- [TASK ITEM]
Reproduce exactly the lines below from the one containing "Femme, lampe, image" through the one containing "India truck logistics", including both, and nothing else.

- [RECORDED DATA]

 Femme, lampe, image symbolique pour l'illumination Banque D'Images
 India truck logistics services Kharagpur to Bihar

--

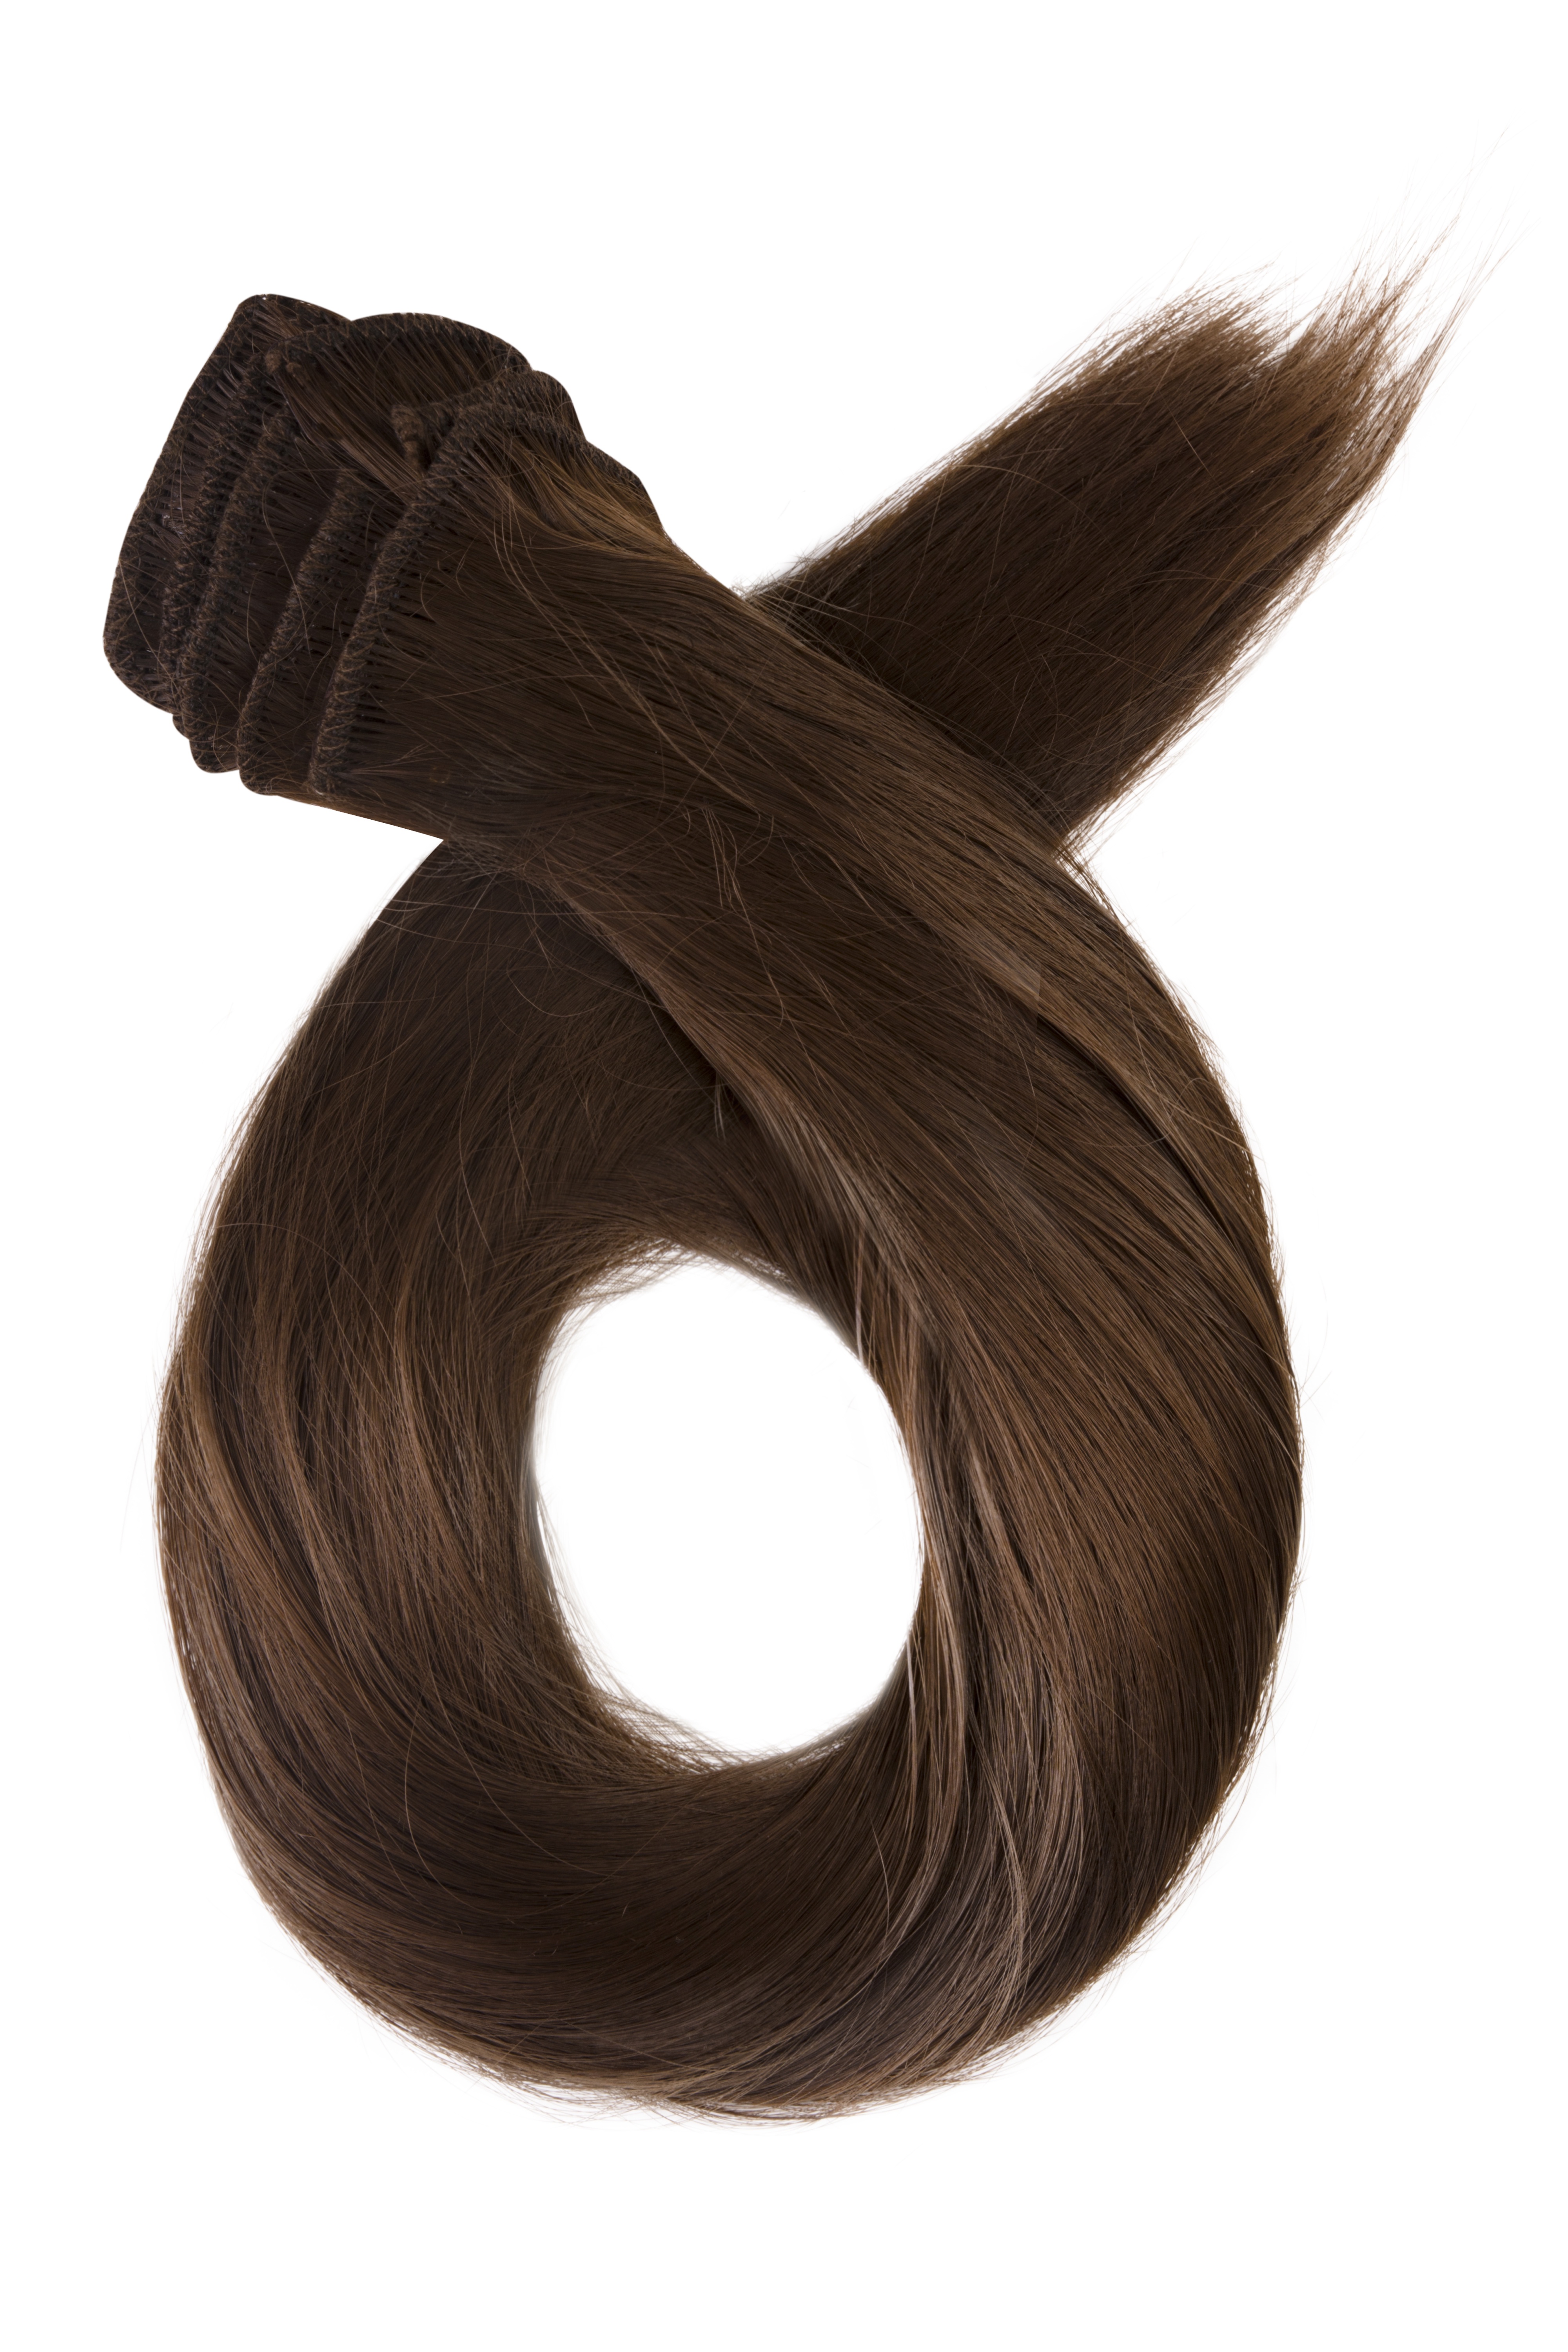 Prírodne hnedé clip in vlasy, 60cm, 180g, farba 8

- [ANSWER FOR THIS EXERCISE]
 Femme, lampe, image symbolique pour l'illumination Banque D'Images
 India truck logistics services Kharagpur to Bihar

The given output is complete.